Other than that, here are things that can be helpful. The more of these that a person likes, the more likely that you’re right, this IS what they need, and you will see improvement.
• Do a Mirror Dance: Two people (comparable height desired) face each other, take turns being leader and follower. Leader lifts a foot, looks to the side, slowly bends their knees, whatever — fun moves. Slow enough that the other mirrors him/her.
• Tree Climbing
• Pogo stick
• Trampoline Jumping
• Wheelbarrow (both roles)
• See how many different textures he can rub with a crayon. His siblings can guess; he can guess theirs.
• Concentration-like games (where was that card? Match them up)
• Look at a familiar setting (kitchen table, set for dinner) – what is missing? (Salt and pepper? Did somebody not get a fork?) Also, have him look at it, take something away, see if he can guess it.
• Ditto with a more complicated setting – pantry. What’s out of its usual place, if things have usual places. Take something easy to notice out; can he notice it? Other places – coat closet? Living room – is something re-arranged?
• Button, button, who’s got the button? Put a button in a room, see how long it takes him to find it. He can race his siblings. Start out easy, make it a bit harder (not so hard as to lose interest).
• Different smells. Spices, fruits, oils, veggies, chocolate, popcorn, even root beer vs 7 up, tea, coffee, newspaper, grass or leaves, household cleaners, etc.
• Name your favorite foods at the dinner table.
• Lifting/carrying heavy things is great.
• I spy – something “green” – how many green things can we see? Also, here’s Waldo.
• Mimicry. Pair up two of you, can one mimic the other? Facial expressions or entire body. Change around.
• Dribbling basketball. Did you ever play four-square? Learn to bounce the ball, twirl your leg over it, bounce again? That sort of thing?
• The great outdoors. Call his attention to the breeze, temperature, etc….can he estimate speed, degrees of temperature? How good can he get at it?
• IS there somewhere where he can swing/merry-go-round?
• Running. Can he run all the way to the end of the block? And back? How fast? Lots of in-his-face time with that, encouraging and celebrating.
• What is it? A big collection of things – screws, hooks, a hammer, a cup, a bottle cap, cans (what might be in this can?), batteries, cords……lots of little things and stuff he hasn’t seen in awhile with an odd shape. Gather lots of caps, for instance, and see if he can tell that this one is to the toothpaste, that one to the shampoo.
• Estimate weights and distances. How much does this weigh? That? Investigate. What’s heavier, a pencil or a pen? How big is this room? How far do you think it is to school?
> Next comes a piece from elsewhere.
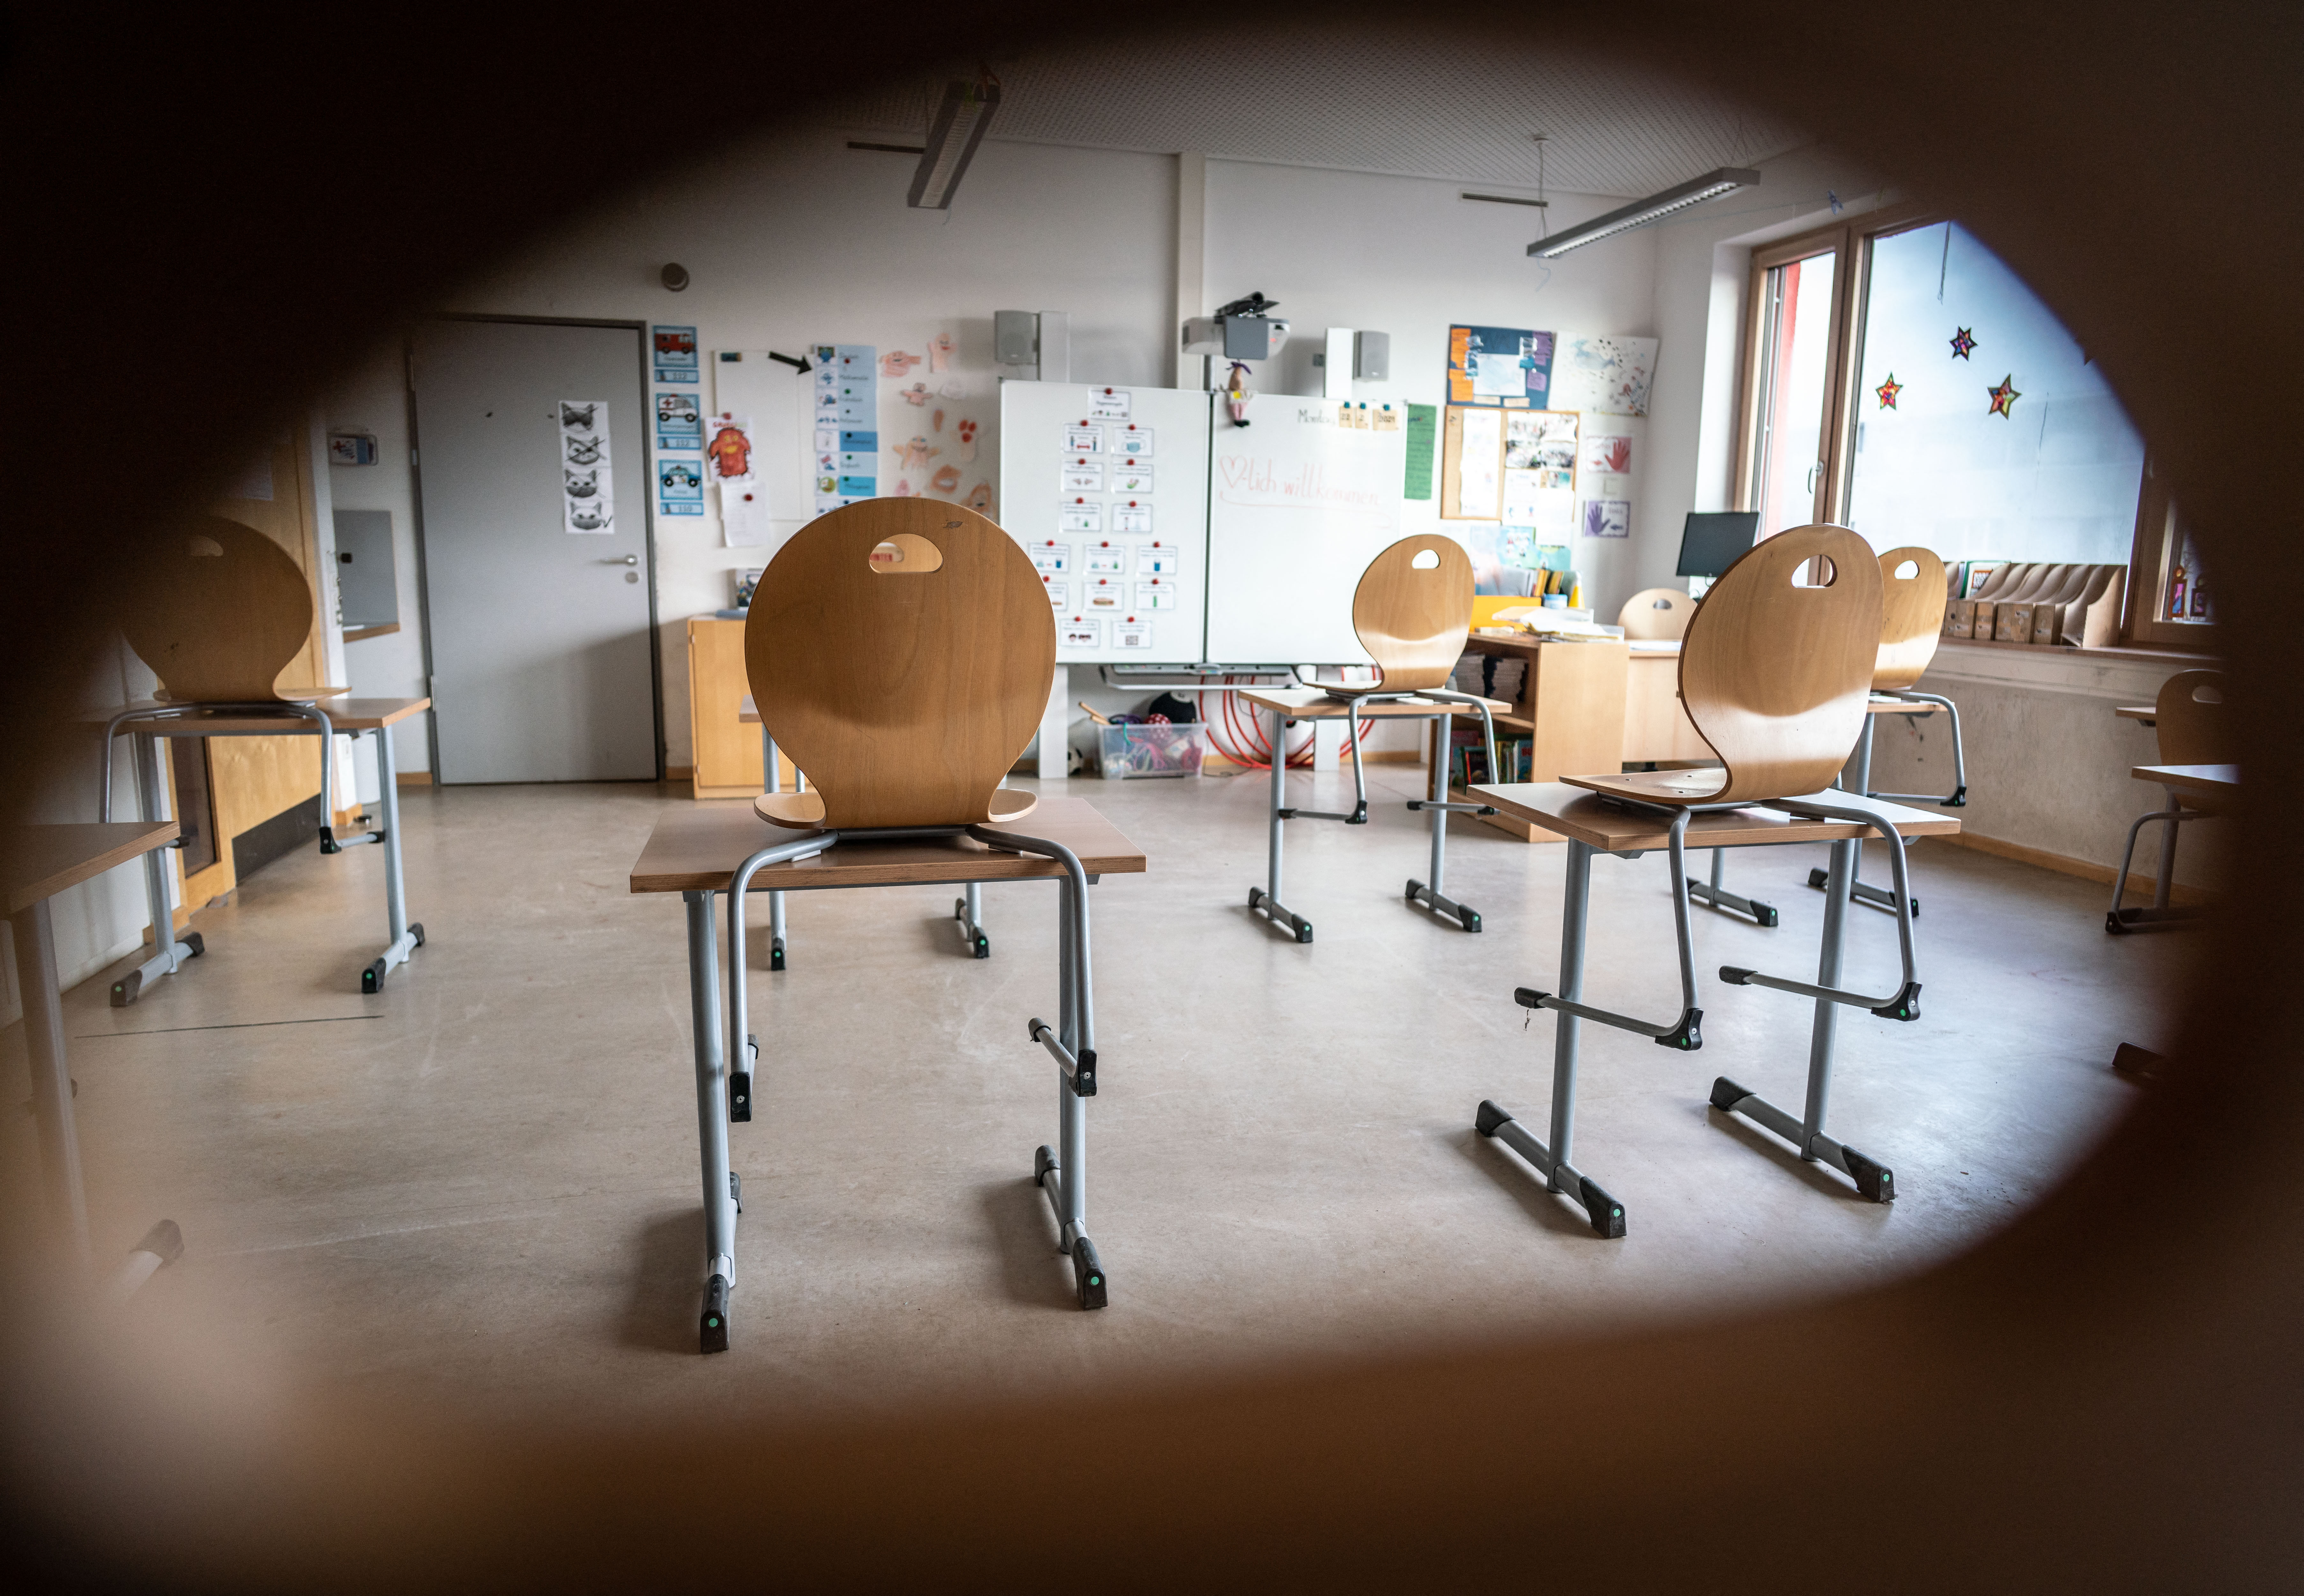 Felfüggesztett börtönt kapott egy volt tanár, akinek szexuális kapcsolata volt egy általános iskolással

• How does Skippy vs Jif vs Generic peanut butter taste different from one another? A tad inconvenient/expensive, but great for paying attention to our sense of taste. Also do-able with homemade vs store brand vs name brand mac and cheese, Cheerios, whatever. You only need to get ONE of each different thing – and then see what he’d like to try different brands of. Which apple varieties taste different? Tap vs bottled water?
• Pushups, also with pet or baby on back? Against a wall? Is it possible/wise? Situps? Pullups?
• What is next to the church? What color house? What is next to the produce department at the grocery store? What is on the corner of ___ and ______? Which way is east now? South? What’s on the southeast corner of ___ and ___?
• Draw on his back; see if he can identify numbers or letters. Have him do so to others; it helps to complete that cycle.
• Crab-walking (like bear-walking — hands and feet — only starting on your back, do it while looking at ceiling.
• Pen-clicking — in a halo-type circle around his head (on the vertical plane), click a pen while his eyes are closed. Can he point his eyeballs to the pen’s location, then open them.
These are fun ways you can encourage these connections. I’m not permitted to share online the (faster, I believe) therapeutic ways one can do it — just in therapy. But these will make quite a difference.